Cairo, Fabulous Chaos

Chaos. Complete chaos. And yet with some kind of unspoken rule and unexpected courtesy. It’s the only way I can begin to describe driving around Cairo.

There are no lane markings on the roads – why bother when nobody is likely to take any notice? It’s more like a mass of angled, battered dodgem cars, ducking and weaving; no indicators, only waving hands and tooting horns which have a language of their own: one toot, three toots, a long blast. I couldn’t work out the translations apart from: ‘Coming through,’ which seemed to apply to most of them.

Cairo, Fabulous Chaos



Cairo: Coming Through!

Motorbikes carrying three people – often one a baby in arms – wove through the heaving mess of cars; buses and vans full of people stopped and started as people jumped on and off through the wide open doors, Combi vans chugged along, suspension shot and their rear bonnets open to keep the engine cool. And in the middle of it all, donkeys pulled carts loaded with carrots, melons, furniture. Flocks of sheep huddled amongst the parked cars, tempting buyers looking to break the family’s Ramadan fast in style.

Not that I was actually behind the wheel.

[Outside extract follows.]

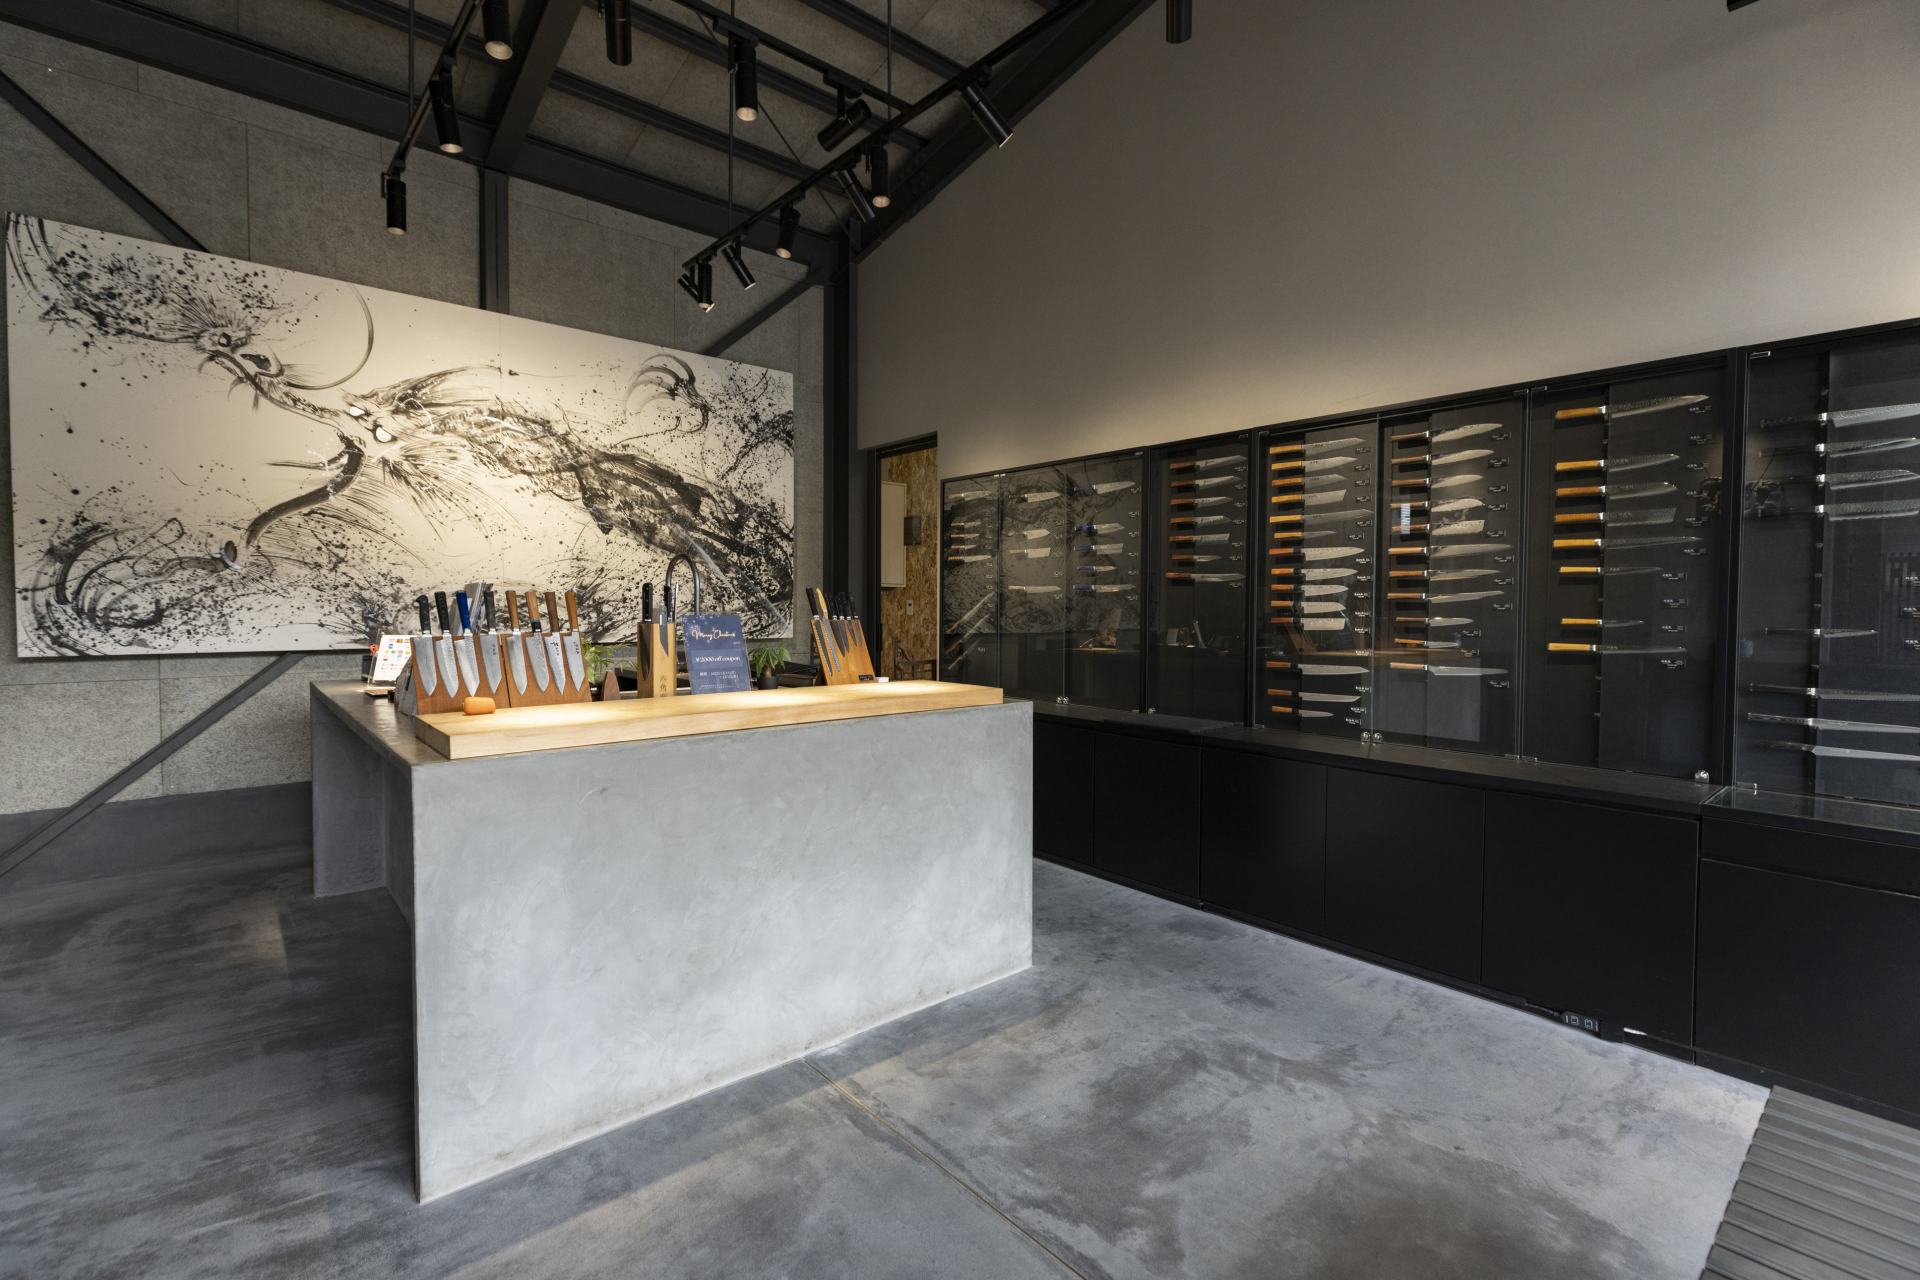 The wide selection of knives and the dragon ink painting leave an impression on visitors as soon as they enter the Ryusen studio.

Are you kidding? I left that up to our Egyptian driver. Apart from the high probability of an accident if I were driving in that melee, I saw very few women in the driver’s seat: Egypt is a male-dominated culture.

Cairo is one of the most alive places I have ever been. The sheer mass of people, the noise, the heat, the traffic, the yelling in the market, the foul tempered camels, the squeezing through impossibly narrow streets by wheezing tour buses, insulating their nervous occupants from the reality of it all, the dust, the sweat, the swirling voices calling out: ‘How can I take your money?’

Yes, in the Khan el Khalili market stallholders really do say that. In fact it’s their opening line: “How can I take your money?” So honest; I loved it. Sometimes it was followed by: “I do not want anything from you, I am married. I just want your money.”

Cairo, Fabulous Chaos

Cairo: How can I take your money?

Once it was replaced with an offer of six camels to Steve in exchange for me and Violet – his two wives. Travelling with two women gave him a lot of kudos and us some protection. Selling me some fabulous red pointy, curly toed leather shoes (”smell them: leather”, as they were thrust again and again into my face), I was asked whether Steve was really my husband. I felt it safest to say yes, to discover that my shoe man was heartbroken as “already I love you.”

I got the shoes for a bargain price.

We intended to go to the market for an hour or so; we were there for about three and only went down a few streets. What with the backgammon seller firing up a cigarette lighter to show us the counters were real camel bone not plastic, the shoe man sending his younger brother running all over the market to find my size, and our search for a place to have lunch (everything was closed for Ramadam, stupid Western tourists that we were), it all took some time. I haven’t laughed so much or felt so involved in street theatrics and hardcore commerce for a long time. Then, turning a corner, there would suddenly be a wonderful mosque, or a man carrying a hundred loaves of bread in a basket on his head, or a desperate man carrying a few footstools for sale in an effort to support his family.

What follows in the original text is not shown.